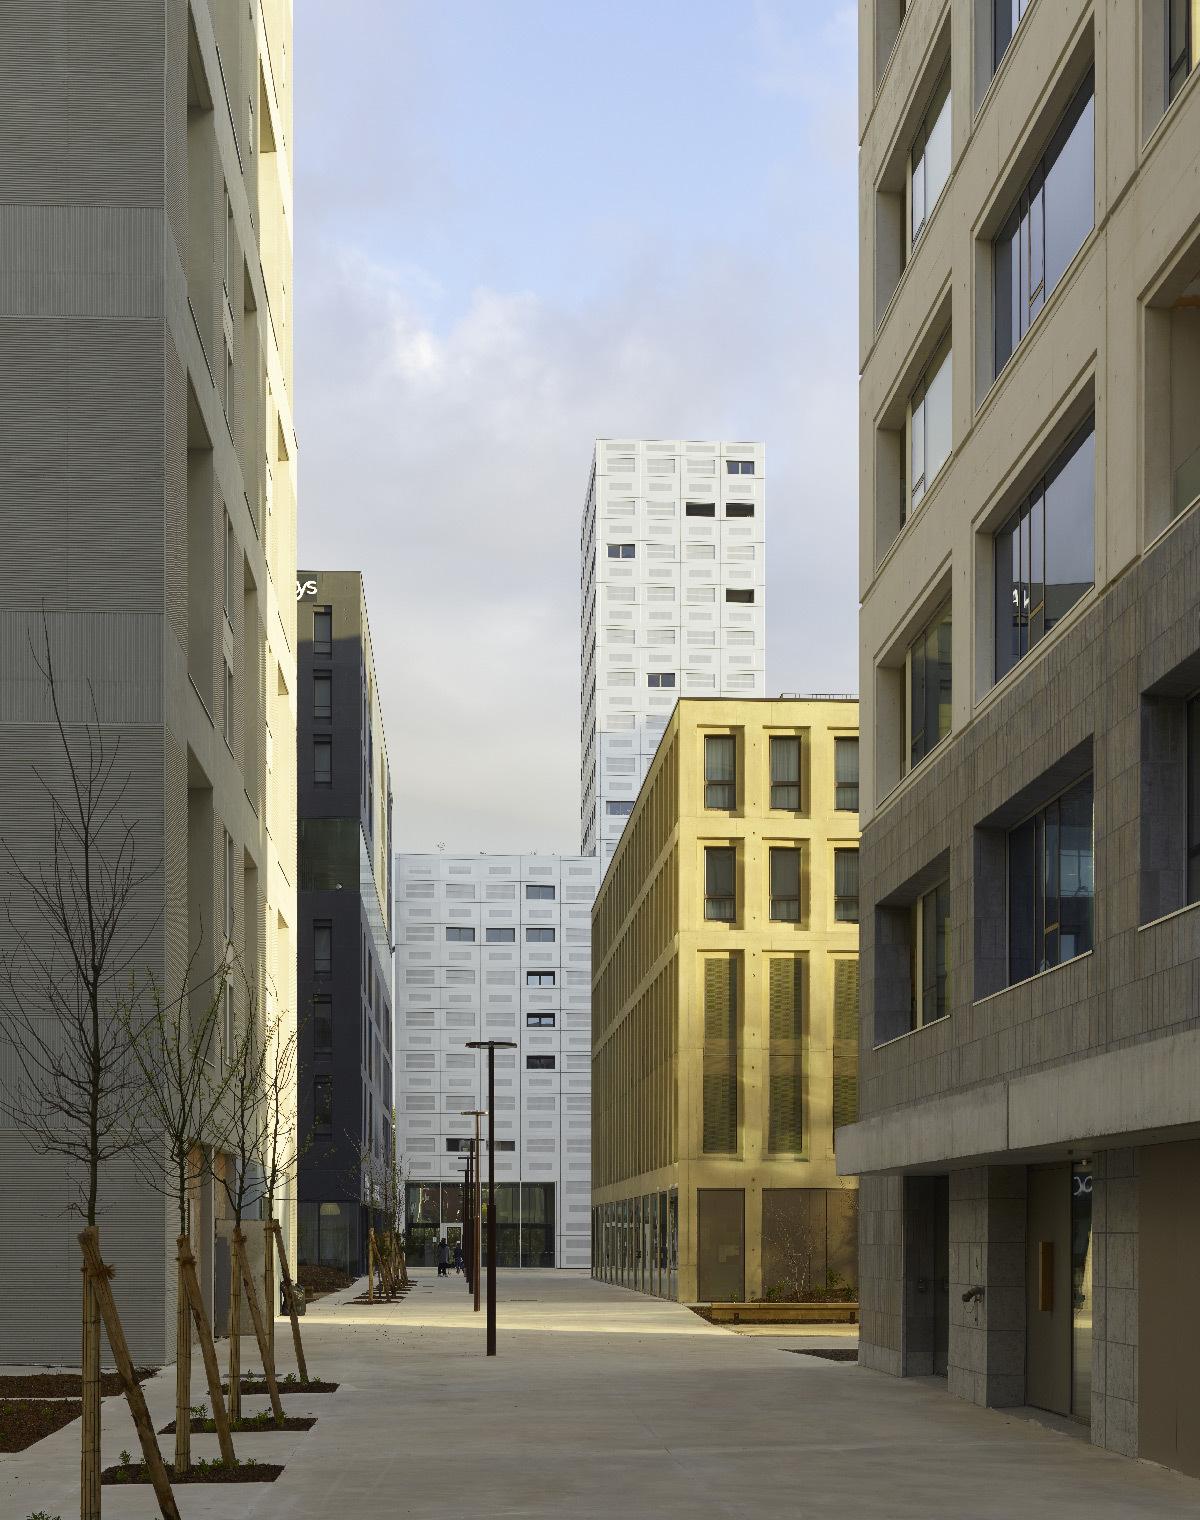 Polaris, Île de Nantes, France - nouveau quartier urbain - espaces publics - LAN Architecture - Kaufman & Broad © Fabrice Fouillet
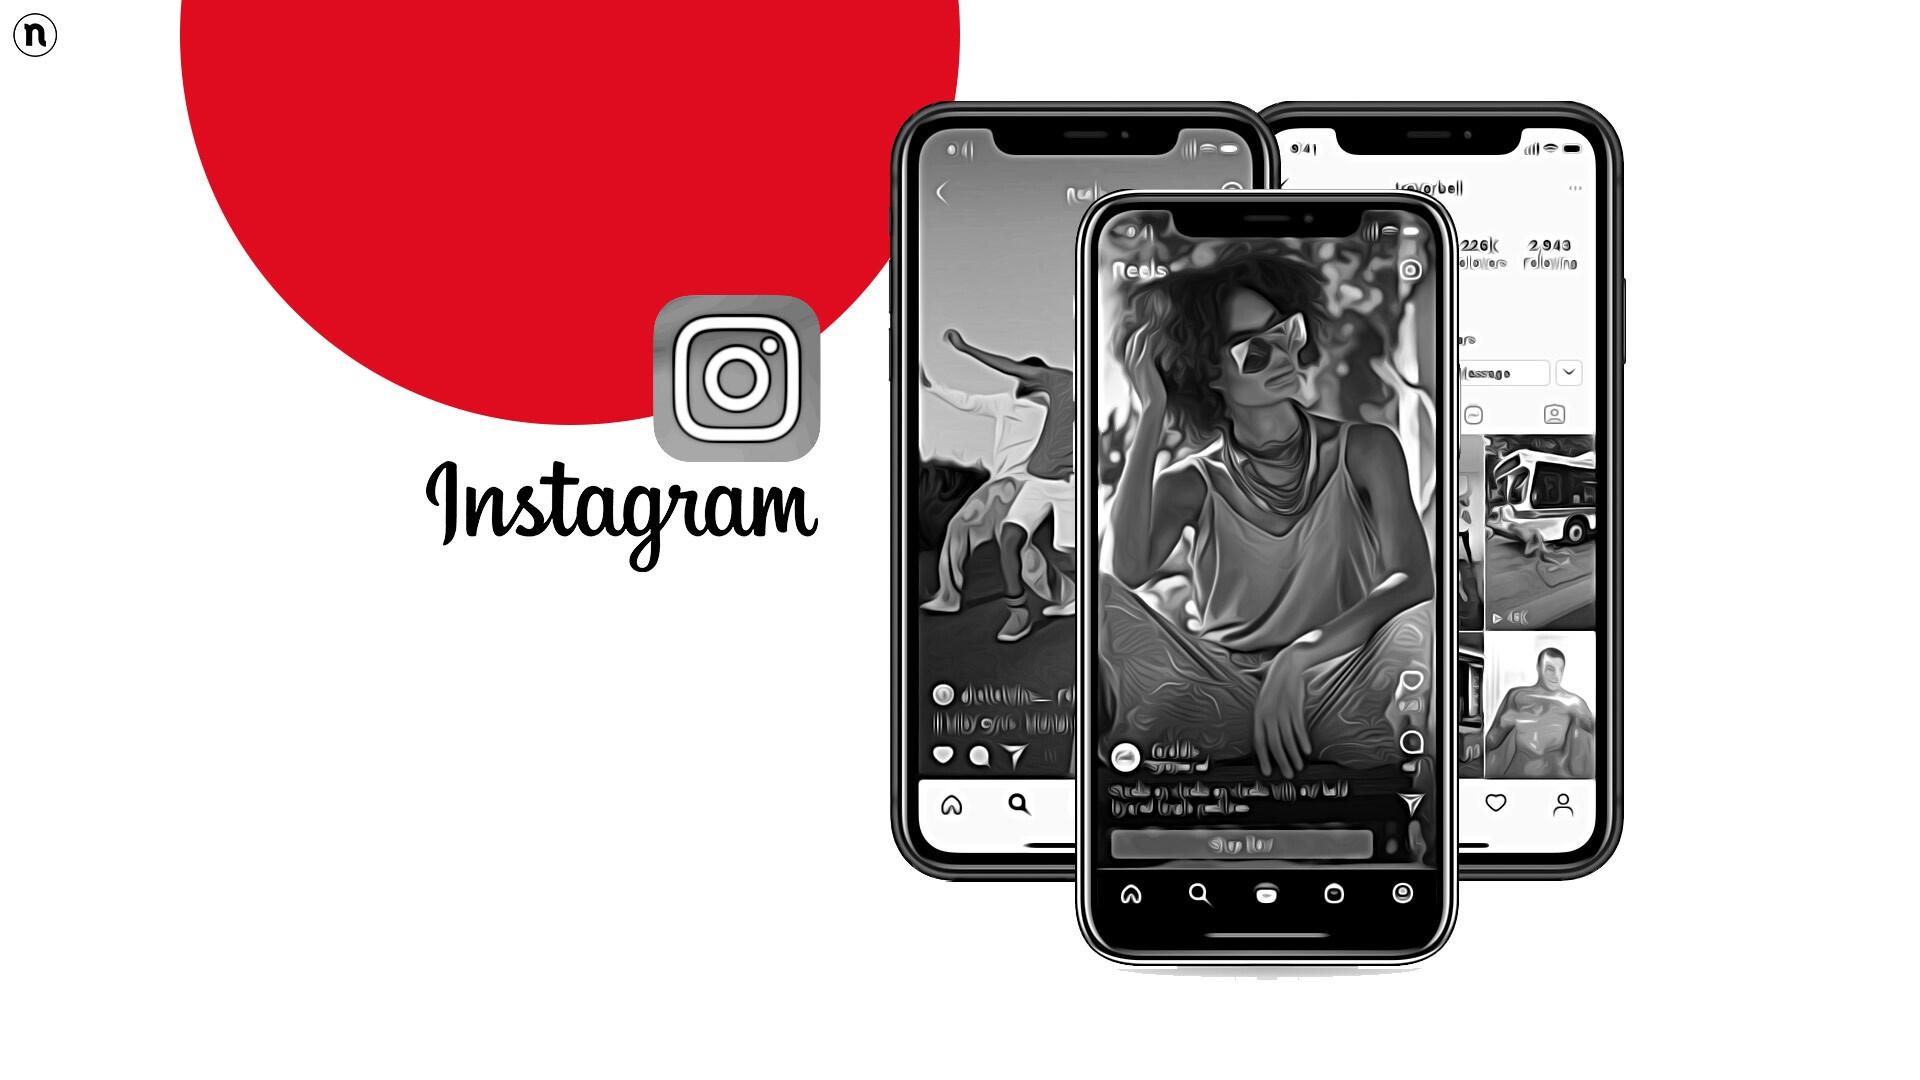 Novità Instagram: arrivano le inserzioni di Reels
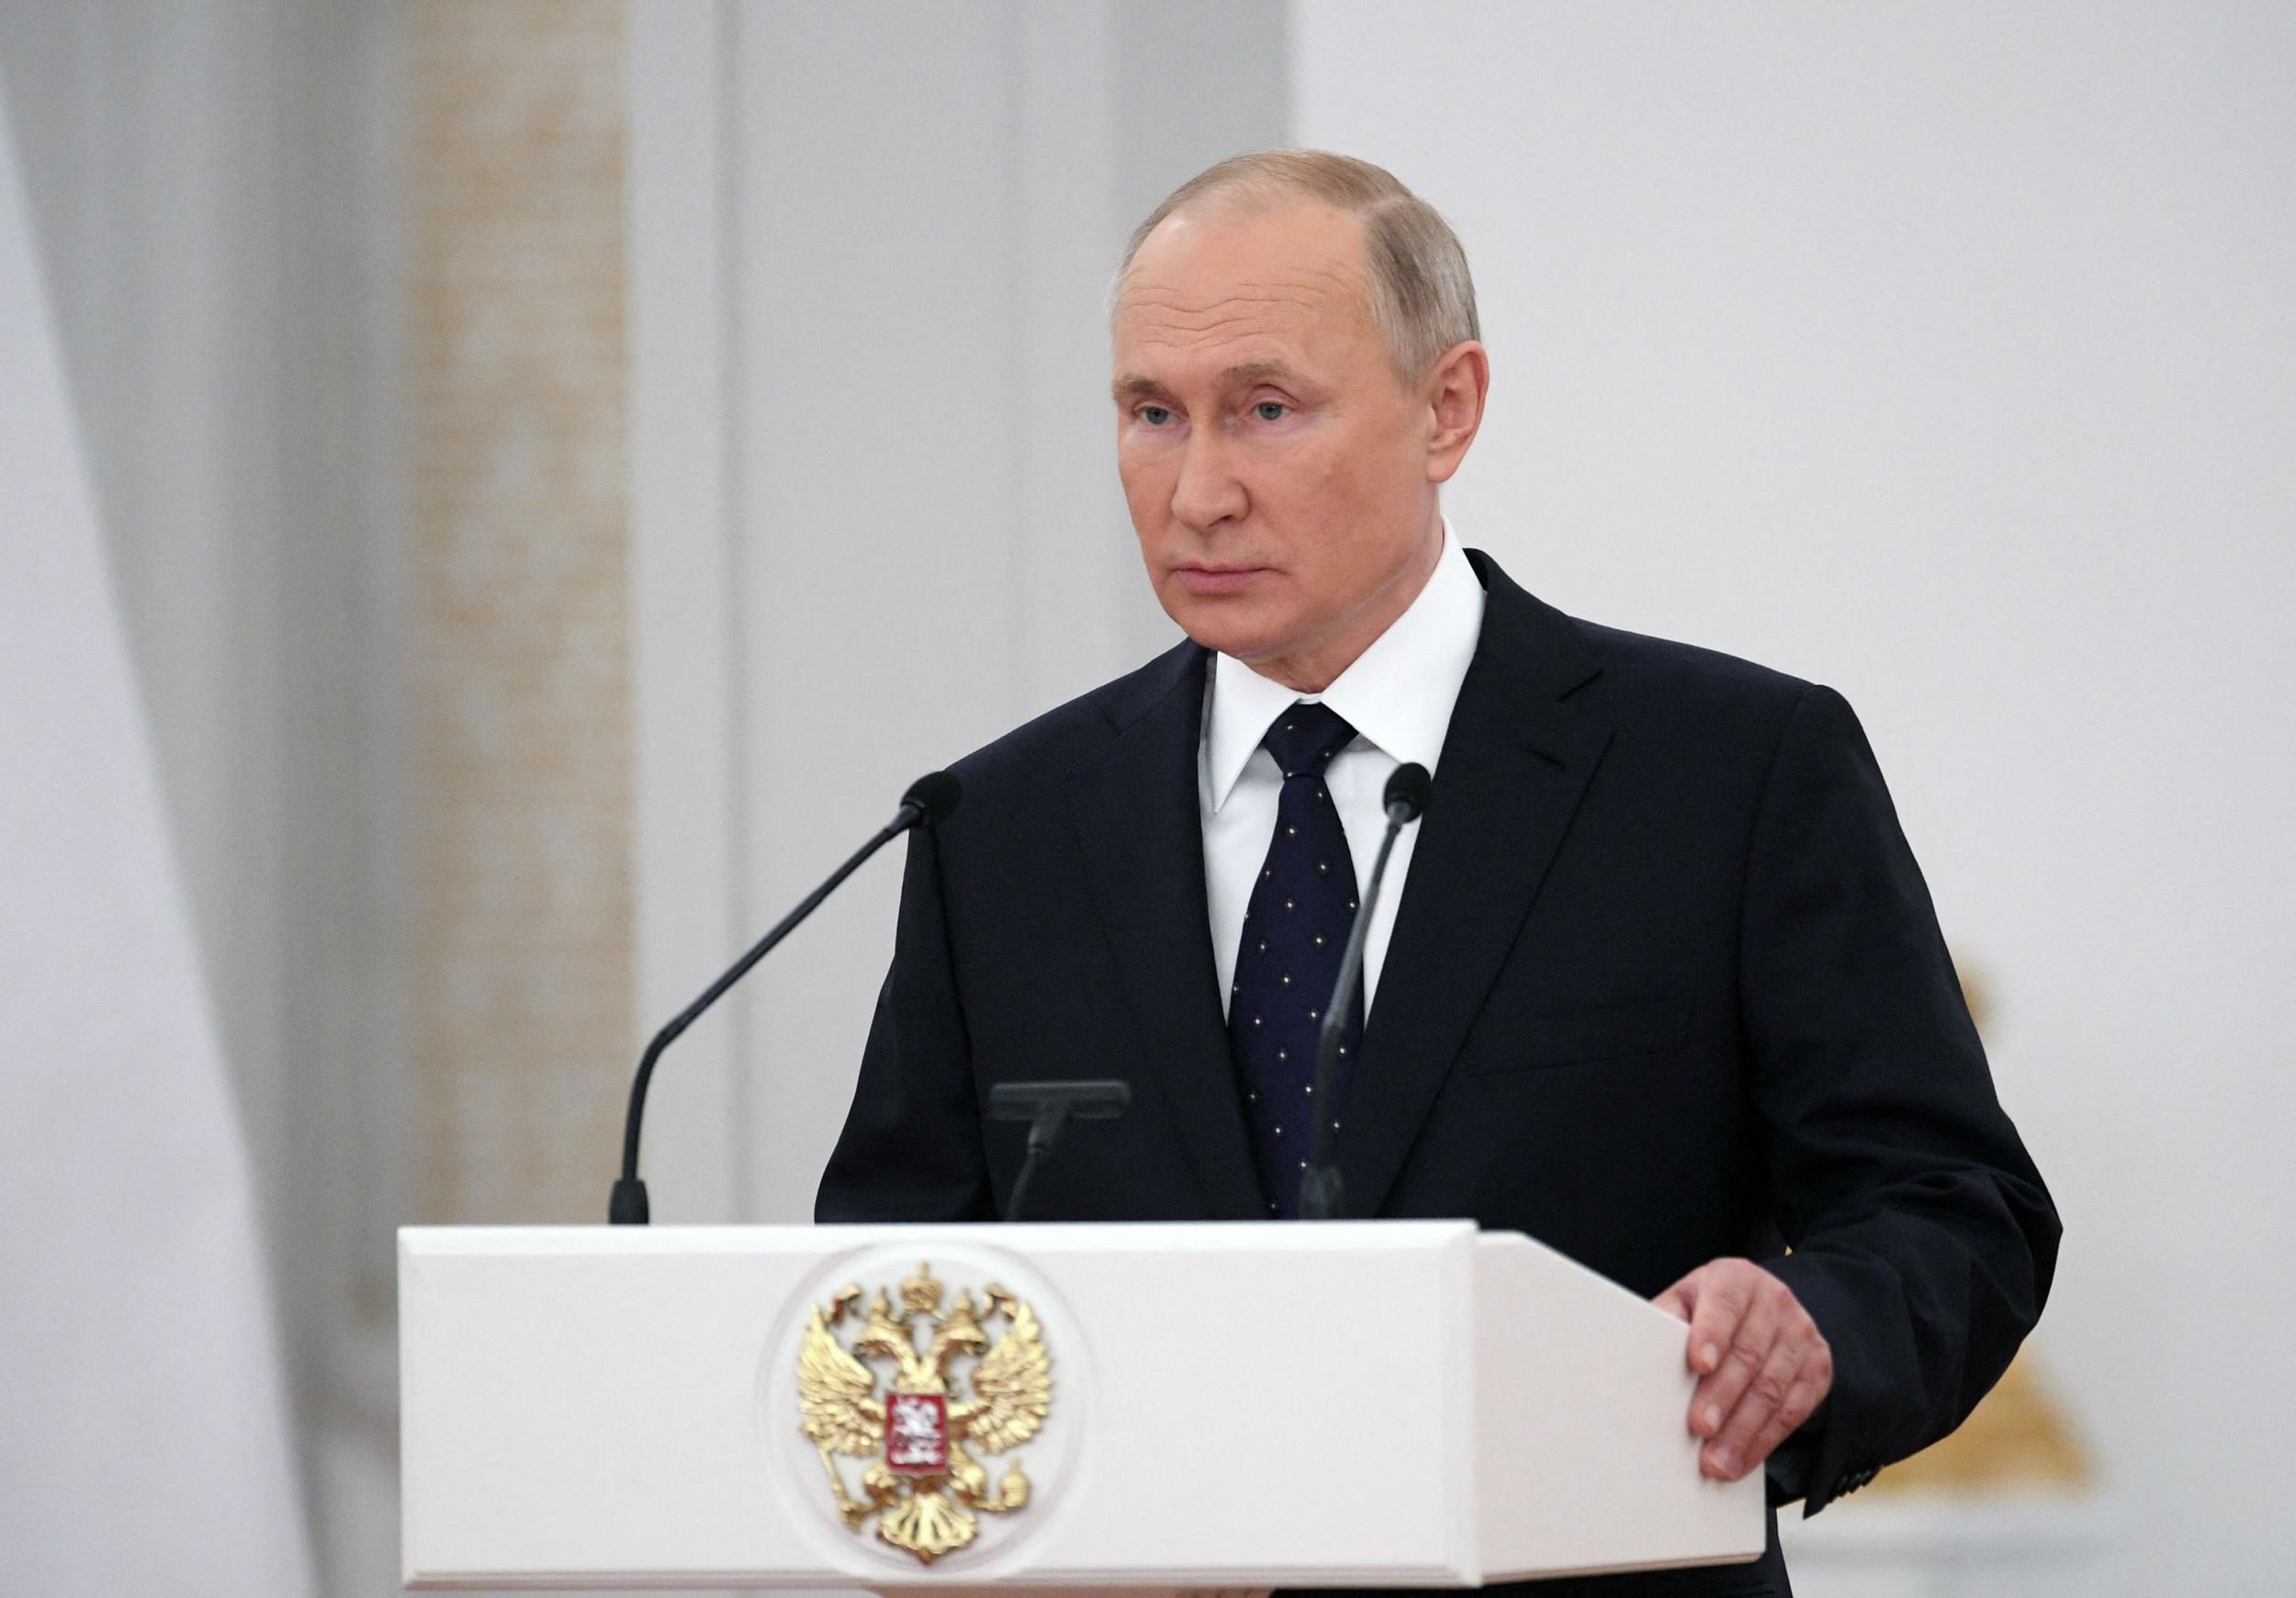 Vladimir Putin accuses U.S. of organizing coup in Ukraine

Work to be completed: Using the data above, write out every line exactly, leaving the images behind.

Task result:
 Polaris, Île de Nantes, France - nouveau quartier urbain - espaces publics - LAN Architecture - Kaufman & Broad © Fabrice Fouillet
 Novità Instagram: arrivano le inserzioni di Reels
 Vladimir Putin accuses U.S. of organizing coup in Ukraine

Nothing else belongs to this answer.